Given information:
- Volume of air = 300 m³
- Initial dry bulb temperature = 30°C
- Initial wet bulb temperature = 25°C
- Final dry bulb temperature = 40°C
- Air pressure = 1.01325 bar

To solve this problem, we need to use the following formula:

Q = m × cp × Δt

Where Q is the amount of heat added, m is the mass of the air, cp is the specific heat of air at constant pressure, and Δt is the change in temperature.

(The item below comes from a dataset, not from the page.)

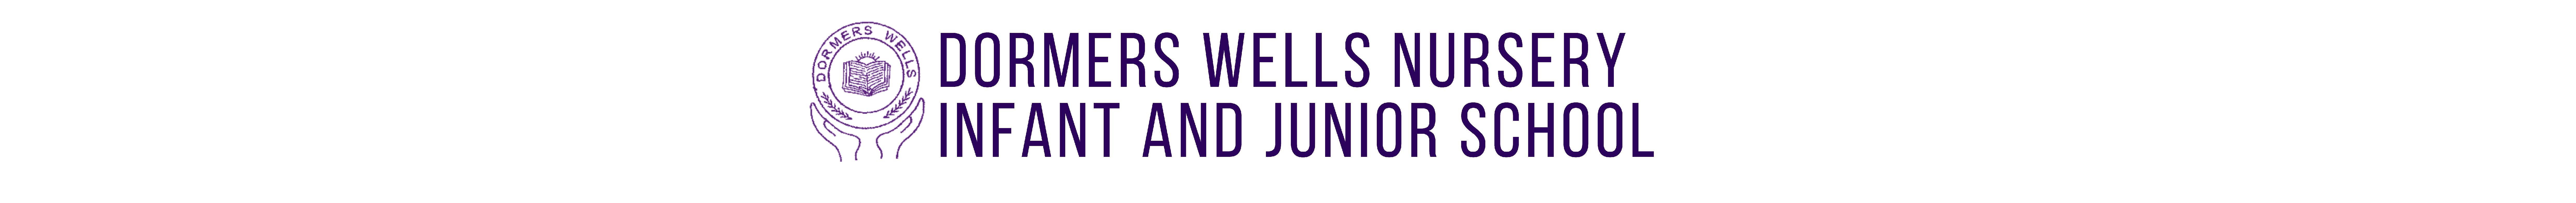 Dormers Wells Nursery, Infants and Junior School
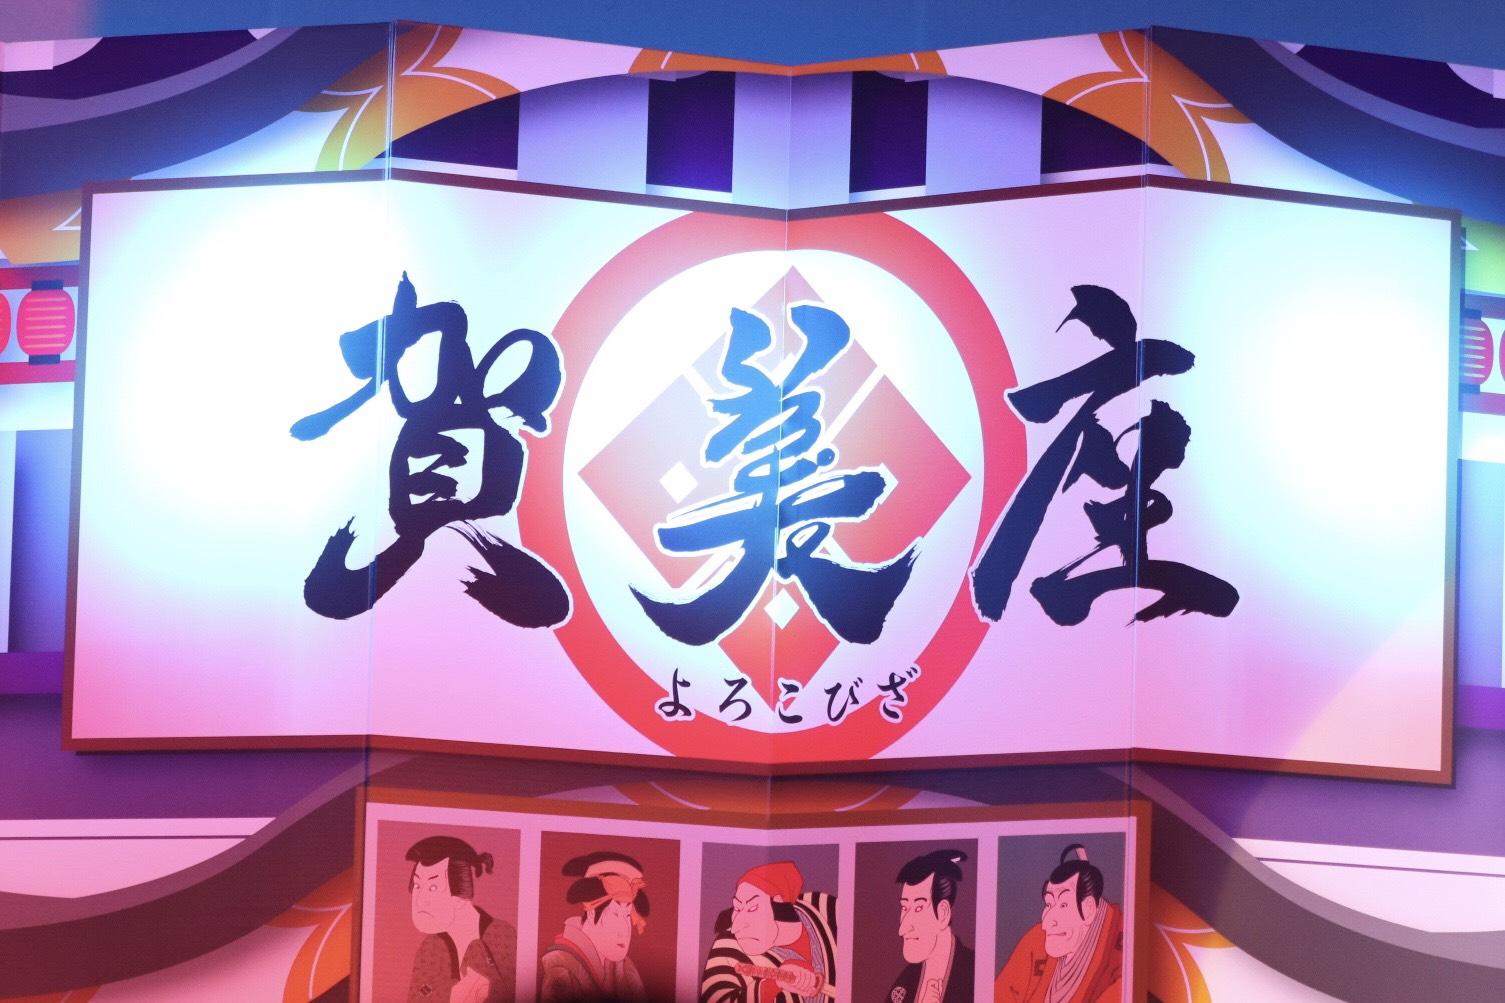 賀美座,よろこびざ,大衆演劇,不動倭,劇団,

Calculation of amount of heat added:
- First, we need to calculate the mass of air using the ideal gas law: PV = nRT, where P is the pressure, V is the volume, n is the number of moles, R is the gas constant, and T is the temperature in Kelvin.
- Converting the given temperatures to Kelvin:
Initial dry bulb temperature = 30 + 273.15 = 303.15 K
Initial wet bulb temperature = 25 + 273.15 = 298.15 K
Final dry bulb temperature = 40 + 273.15 = 313.15 K
- Assuming the air to be dry, we can calculate the number of moles using the ideal gas law:
n = PV/RT
n = (1.01325 × 10⁵ Pa) × (300 m³) / [(8.314 J/mol.K) × (303.15 K)]
n = 36.26 moles
- Using the molar mass of air (28.97 g/mol), we can calculate the mass of air:
m = n × M
m = 36.26 moles × 28.97 g/mol
m = 1.05 kg
- Finally, we can calculate the amount of heat added:
Q = m × cp × Δt
cp of air at constant pressure is approximately 1005 J/kg.K
Q = (1.05 kg) × (1005 J/kg.K) × (40 - 30) K
Q = 10,525.5 J or 10.5 kJ (rounded to one decimal place)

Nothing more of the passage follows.